+++ Dataset section
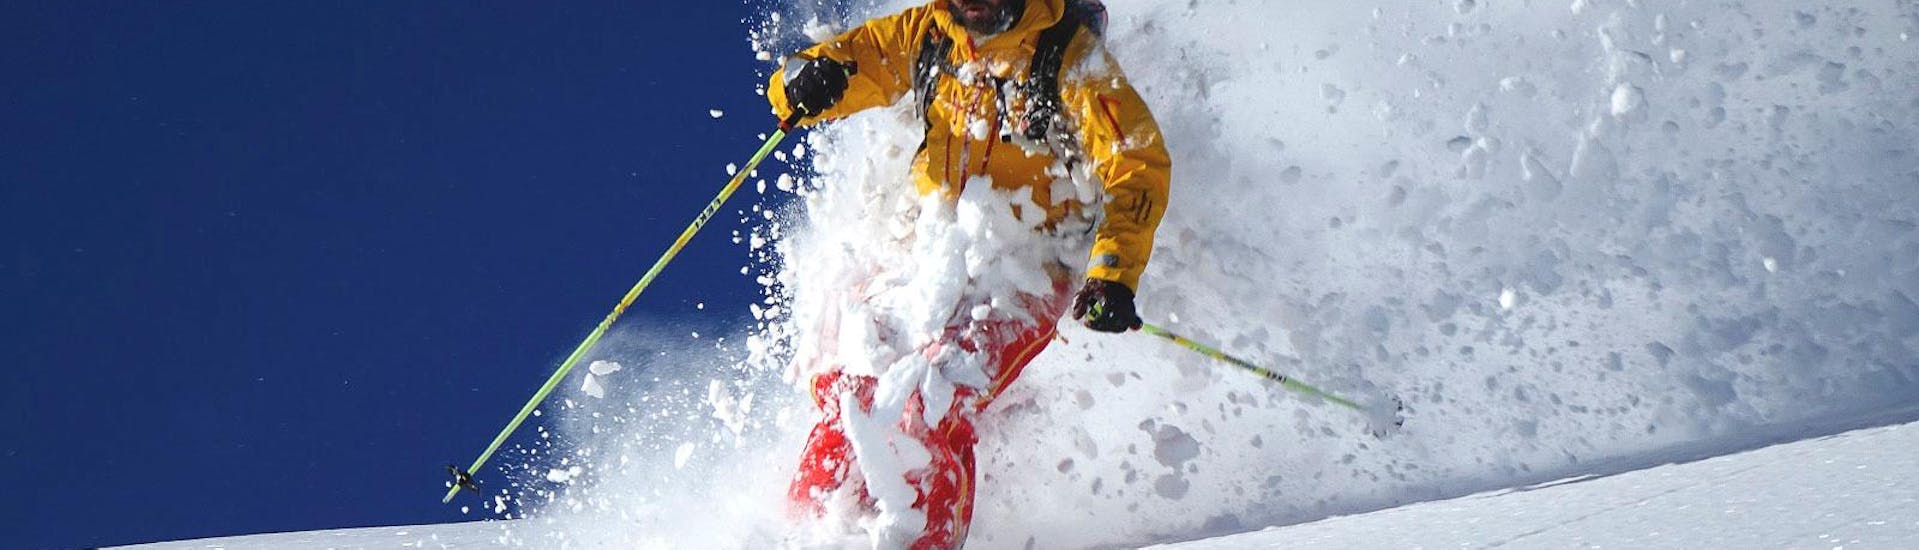 Cours particulier de ski freeride pour Tous niveaux avec Snow & Mountain Sports Loitzl Loser.
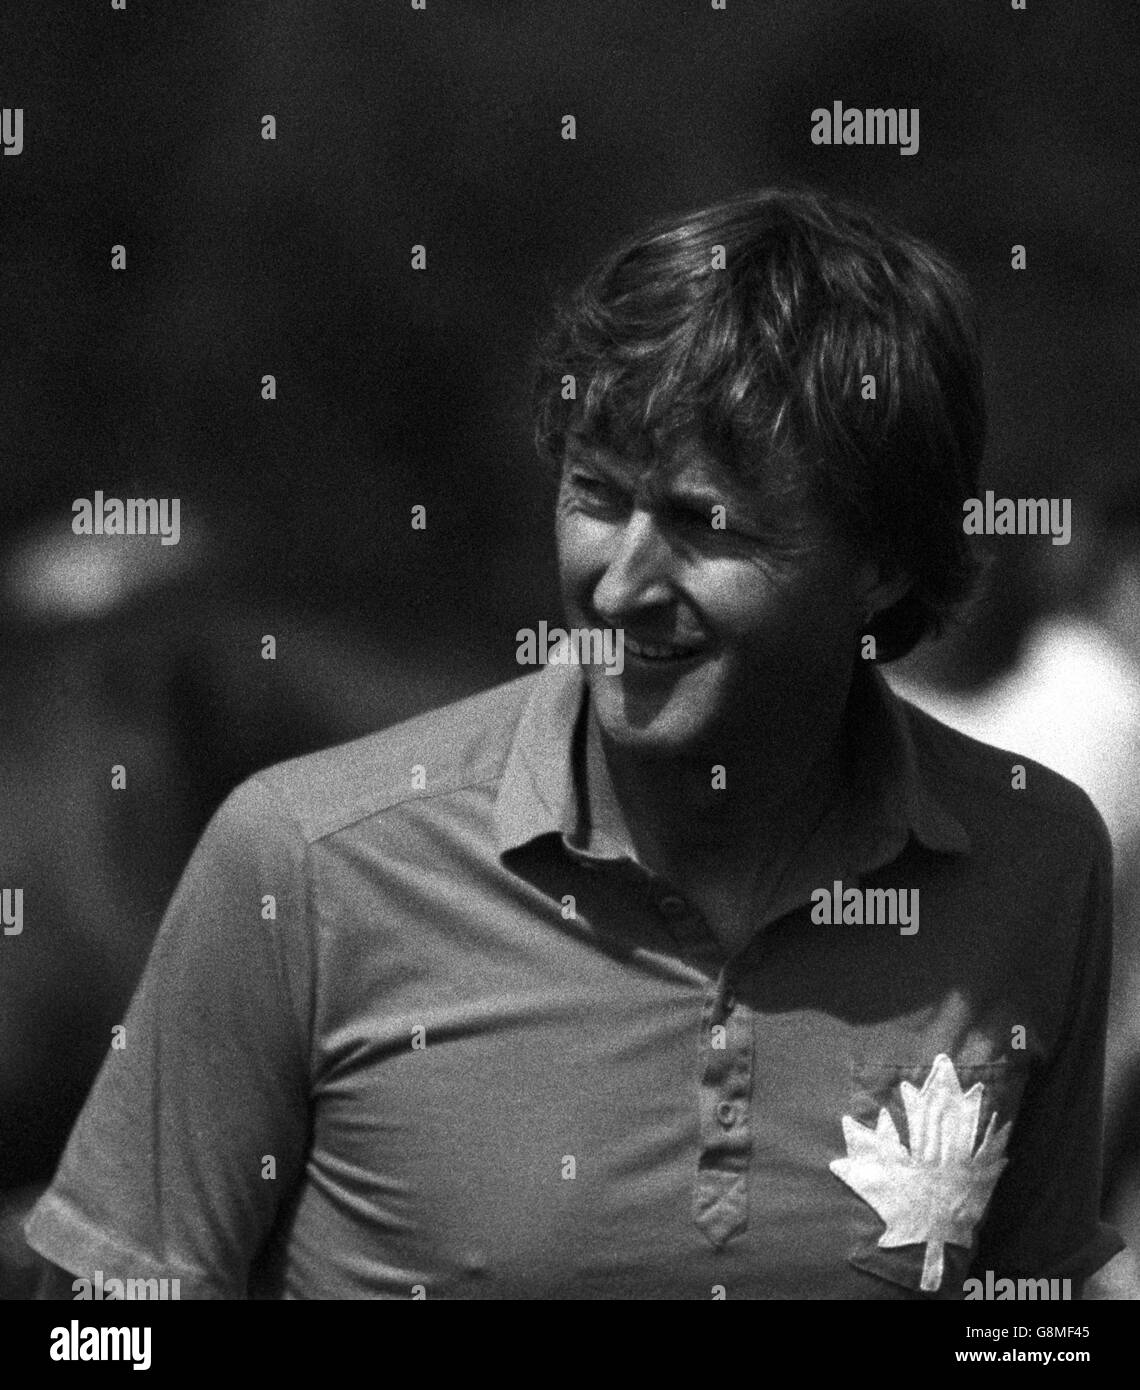 Herr Galen Weston. Kanadischer Millionär Herr Galen Weston spielt Polo in Windsor heute spielte der Supermarktmagnate für das Maple Leafs-Team. 206418-2a Stockfoto
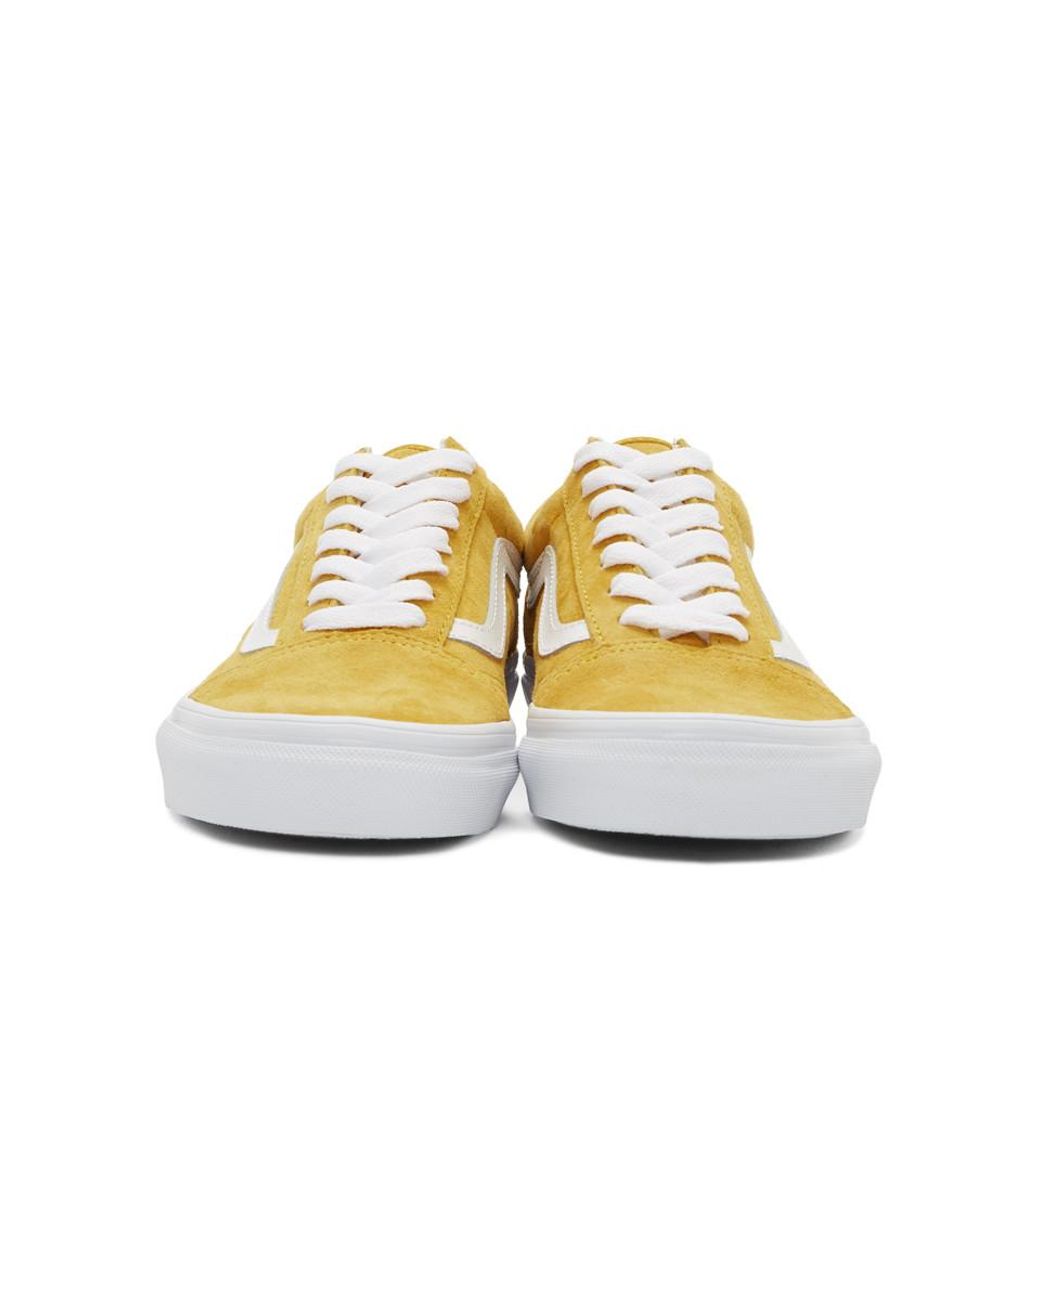 Vans Unisex Old Skool Suede Sneakers, Mango Mojito Yellow | Lyst
++++++
**What this task involves**
The data above must be written out again word for word, without its pictures.

**Solution**
 Cours particulier de ski freeride pour Tous niveaux avec Snow & Mountain Sports Loitzl Loser.
 Herr Galen Weston. Kanadischer Millionär Herr Galen Weston spielt Polo in Windsor heute spielte der Supermarktmagnate für das Maple Leafs-Team. 206418-2a Stockfoto
 Vans Unisex Old Skool Suede Sneakers, Mango Mojito Yellow | Lyst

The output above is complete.